Ohio residents diagnosed with mesothelioma, asbestosis, or asbestos-related lung cancer may bring claims against the manufacturers and employers responsible for their exposure. These cases routinely result in substantial settlements covering medical expenses, lost income, and compensation for pain and suffering. Ohio civil justice system — particularly Cuyahoga County Common Pleas — has historically been a viable and plaintiff-accessible venue for these claims.

Asbestos Bankruptcy Trust Funds

Dozens of asbestos manufacturers, including Johns-Manville, Owens-Illinois, and Garlock, resolved their asbestos liability through Chapter 11 bankruptcy and established compensation trusts. Those trusts collectively hold billions of dollars designated for workers and their families. Trust fund claims are filed separately from litigation and often resolve faster — but they require documented proof of product exposure and disease. An experienced asbestos attorney in Ohio can identify every trust for which you qualify and file those claims while simultaneously pursuing your lawsuit.

Venue Strategy

Where you file matters. The Cuyahoga County Common Pleas and Madison County, Illinois — both accessible to Ohio residents — have established track records in asbestos litigation. Choosing the right venue is a strategic decision that can materially affect your outcome, and it is one of the first things a qualified mesothelioma lawyer in Ohio will evaluate.

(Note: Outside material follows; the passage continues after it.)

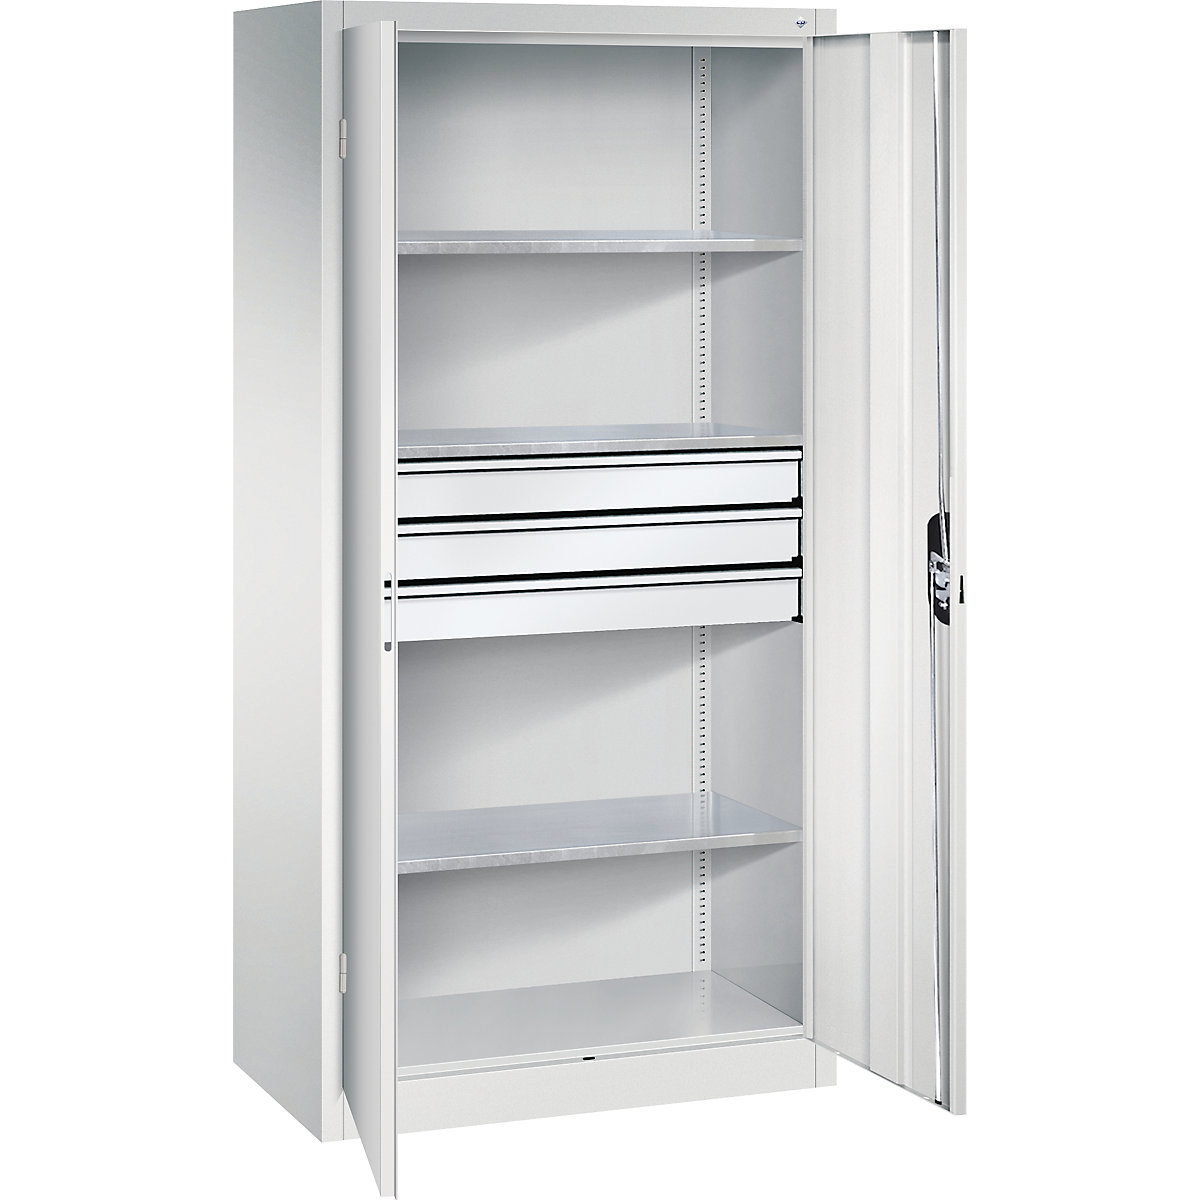 Double door workshop cupboard with drawers – C+P, WxD 930 x 500 mm, 3 shelves, light grey / light grey-3

What an Experienced Ohio asbestos Attorney Actually Does for You

This is not a situation where any personal injury lawyer will do. Asbestos litigation is a specialized practice. The attorneys who consistently recover maximum compensation for their clients bring specific capabilities to the table:

  • Command of Ohio’s 2-year statute of limitations and how it applies to your diagnosis date
  • Established relationships with the occupational medicine experts and industrial hygienists who build credible exposure cases
  • Knowledge of every active asbestos trust fund and the documentation each one requires
  • Experience litigating in Cuyahoga County Common Pleas and Madison County, Illinois
  • The ability to pursue trust fund claims and lawsuits simultaneously — because leaving either avenue unclaimed means leaving money behind

Your diagnosis is the starting point, not the end of the road. The manufacturers whose products may have caused your illness set aside billions of dollars specifically to compensate workers like you. That money does not reach you automatically — you have to claim it, within the time the law allows.

Call a mesothelioma attorney in Ohio today. The 2-year window is not academic. For some people reading this page, it is already closing.


Data Sources

Information about facility equipment, industrial materials, and occupational records referenced on this page is drawn from publicly available sources where applicable, including:

If specific equipment or product claims in this article are sourced from a non-public database, the source is identified parenthetically within the text above.